Travels with Toddlers

Last week, I went on my first solo road trip with my two children. We have a pretty busy work schedule planned for this summer, and I thought it would be a good idea to go visit family and change my routine for the week before all that started!

One of my goals with my kids is to limit their screen time as much as possible (I’ll write more about that later), so I was not eager to charge up an iPad with videos and let them veg out for 7 hours while we drove to visit family.

I’m sure I’m not the only parent who wants to have a fun road trip with their family this summer, and may feel mildly ambivalent about having them watch 20 hours of television to make that happen.


Note: this post includes affiliate links to amazon. I receive a small commission if you decide to purchase something I’ve linked to or an item from my amazon store, which includes more affordable items that might help you have a a screen free (or screen less) summer road trip, too!

Here’s my “travels with toddlers” survival plan:

      1. Pack healthy snacks
        The last thing I wanted on my road trip was for my kids to be on a sugar high. I packed apple slices, hard boiled eggs, grapes, carrot slices and water. That was enough for my 7 hour trip. We still had to stop for lunch (could’ve packed a sandwich, but it was nice to get out and stretch our legs. See below).
      2. Books on CD
        Before we left, we bought a Moana read-along book with CD. I wouldn’t let my four-year-old listen or read the book until we got on the road. It was a special treat and kept her entertained for 30 minutes at a time. And she liked it so much, we listened to it several times.

        Be warned: After about the 3rd time through, my 20 month old was not impressed by the book on tape, so we saved it for her nap time.
      3. Make an Awesome playlist for your kids!
        Before we left, I helped my four year old create a playlist of her favorite songs from Frozen, Moana, Trolls, Zootopia and more. I put a few songs I liked (and vetoed a couple of her picks that make my skin crawl), and both kids LOVED listening to “their” music.
      4. Travel while they sleep, but not when you’re too tired.
        When my first daughter was born, we tried leaving for a few road trips right at bedtime, so we could drive while the baby slept. I don’t like that strategy anymore because unlike most people, I don’t think I’m an above average driver. I’d rather travel when I’m rested because…I want to arrive at my destination in one piece, and no one is a good enough driver to drive when they’re exhausted (and I’m traveling with precious cargo!).
        The solution? Now, I start early. I started my trip at 6:00 am. My girls usually sleep pretty late, and the sound of the road has always been pretty soothing to them. They slept for the first 3 hours of the drive, which meant that I only had to keep them entertained in the car for 4 hours. Win!

        Also, in the spirit of tip #3, I made myself a playlist of my favorite podcasts, so I could listen to something I enjoyed while we drove!

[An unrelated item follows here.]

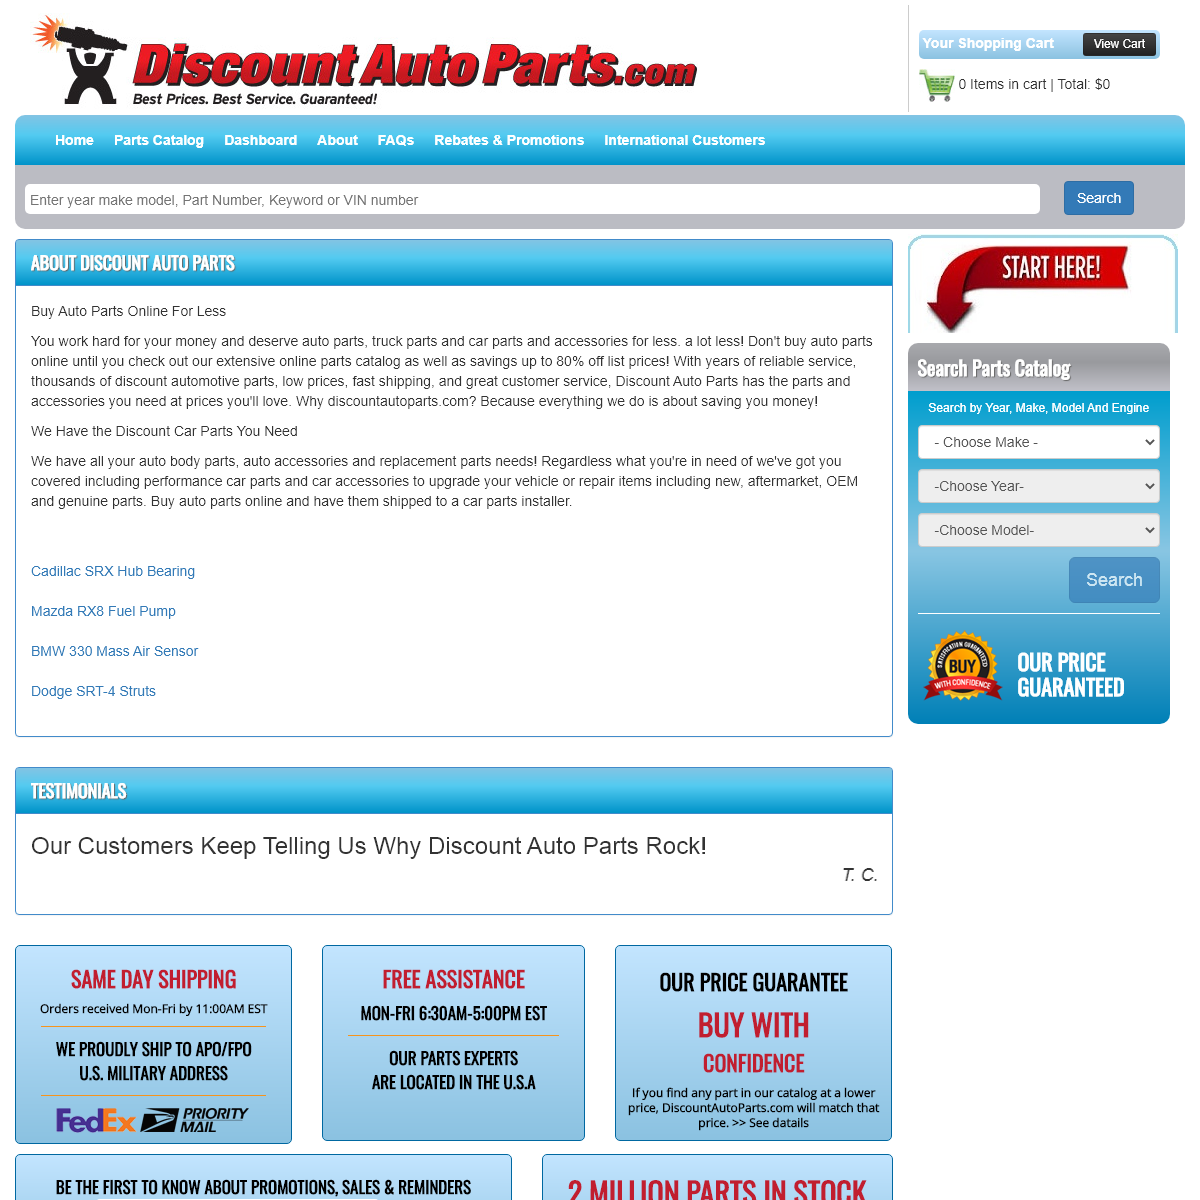 A complete backup of discountautoparts.com

      5. Make their toys easy to access
        I packed a bin of toys (like the one below) that they could reach between their car seats and put groups of toys in a ziplock bag so they could reach certain toys rather than have too many choices.

    1.      6. What did I put in the ziplock bags?

Crayola Classic Color Pack Crayons 16 ea
Melissa & Doug Jumbo Triangular Crayons
Disney Moana Spirit of Adventure (Color It)
Melissa & Doug Jumbo Coloring Pad – Animals
Lamaze Flip Flap Dragon

and a few other things I’ve shared in my amazon store!

     7. Invest in some comforts to make your trip easier. 

I generally hate buying anything, but I found that a couple of organizers made our trip a lot more fun! These car organizers are great for helping your kids play and access their things independently while you drive.

     8. Use GPS.

The last thing you need is to be trying to read a map while you’re rocking out to “Let it Go.” My GPS took me around a huge interstate traffic jam and the audio cues helped me keep my eyes on the road!

9. Allow Plenty of Time.

My children do not know the meaning of the word haste. I had a very flexible schedule for my trip. I rely on my husband for a lot of co-parenting and moral support, so I kept my expectations low and my plans simple. I visited family; I had a lot of free time built in; we stopped at parks whenever we could, and my husband came up for the end of our trip, so we could all drive home together (just in case things weren’t going well). I felt like I was able to enjoy my trip more when I wasn’t trying to execute a lot of plans.

Are you planning a road trip this summer? What are your tips for surviving a road trip with your kids? I’d love to hear more ideas!!